Through mathematics and the invention of the color wheel we can see patterns of why this might be.
There is a great tool I use called Kuler that lets you choose a color and will then give you other colors that match based on rules you can choose from.
I will show you an example of this soon, but first I just want to discuss what impact choosing a base color will have on your brand.
Emotional Color
Colors have emotional meaning to your visitor and the color scheme you decide on for your brand needs to take this into account. It is no accident that fast food restaurants all use red to make you hungry, and IBM uses its corporate blue to represent trust.
Before you choose a color scheme, here are a few good exercises to identify a personality for your brand.
- Think of twenty words that describe your brand.
- If your brand was a car what sort of make would it be?
- What sort of feelings do you want to be associated with when someone sees your brand?
To learn more about what each color means here is a good article. http://www.smashingmagazine.com/2010/01/28/color-theory-for-designers-part-1-the-meaning-of-color/
Existing Brand Assets
If you already have a logo then you will often find that the colors you chose were intuitively based on some form of emotional color theory.

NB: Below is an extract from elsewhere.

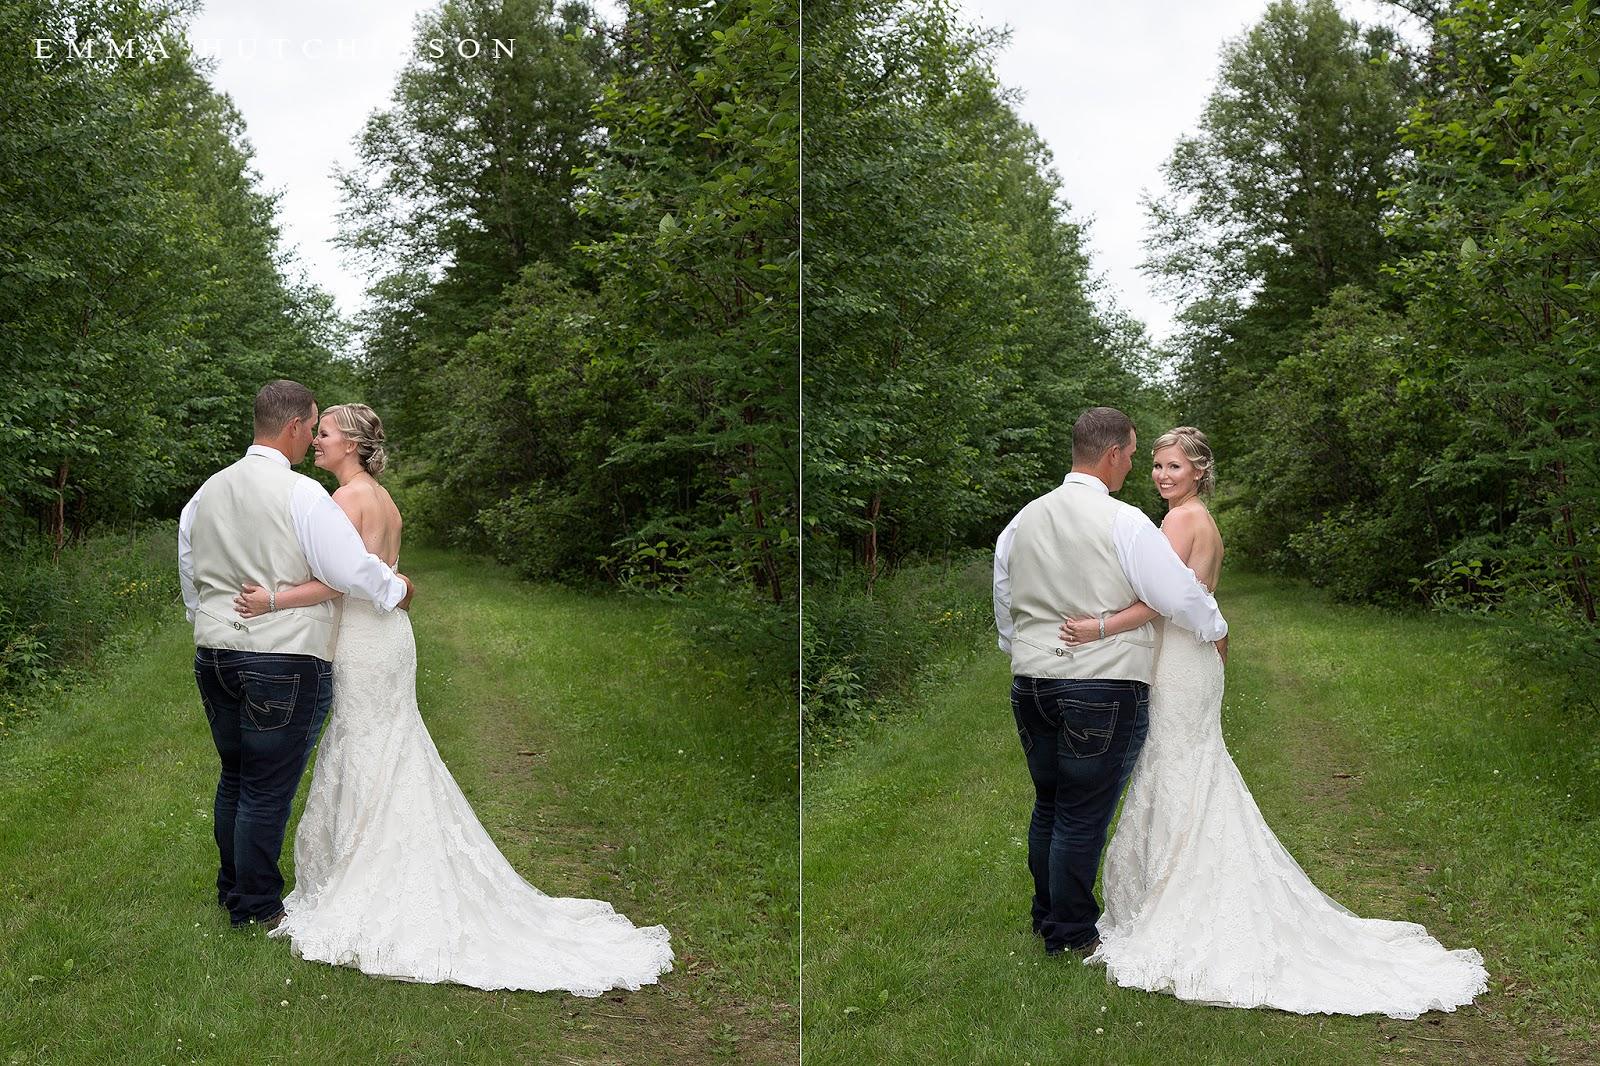 Newfoundland backyard wedding - Bride and Groom

If you discover you have chosen incorrectly and it is too costly to update your printed material from the old colors you can leave your logo as is and just add some secondary colors that will give your brand the emotional meaning you were looking for.
A Note on Contrast
Black, white and shades of grey can be used in addition to the color scheme you choose for your site and you can use these to create contrast. Dark colors on light colors and vice versa (light colors on dark colors) stand out more on the page than two colors closer in shade.

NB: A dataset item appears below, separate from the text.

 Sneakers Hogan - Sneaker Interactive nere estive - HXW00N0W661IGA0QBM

You can use this to highlight a particular element on a page by making the contrast of its background greater.
Into Action
To show you an example, I will use the logo from a company Wooassist manages: www.iotagarden.com.au
https://www.dropbox.com/s/k09mmys93n967as/Screenshot%202015-01-09%2012.16.15.png?dl=0
Here are some notes when we re-designed the IOTA site about 12 months ago.
We don’t want to change things too much so we will stick with the two base colors of light and dark blue that are used for the logo.
I would like to introduce one more color that is a bit brighter and contrasting with the current blues that will liven up the site.
I am thinking maroon, but we can use adobe Kuler to see what a good contrasting color is mathematically.
These are the colors from the logo.
Light blue #8da5aa
Dark blue # 005293
Without going too much into the details of how Adobe Kuler works, the end results speak for themselves. When I enter base color dark blue # 005293, the complimentary color was a brown.
That didn’t suit the objectives of livening the site up so if we look at the triad relationship I can see the magenta color I was originally thinking of #a01410
And if we look at how these colors look together touching each other and apart you can see Kuler’s maths have not let us down. These colors look great together.
So here you can see with just a couple hours research and a couple of tools we were able to come up with a color scheme that suited our existing brand assets, while at the same time achieving our new objectives.
What color best represents the feeling of your brand?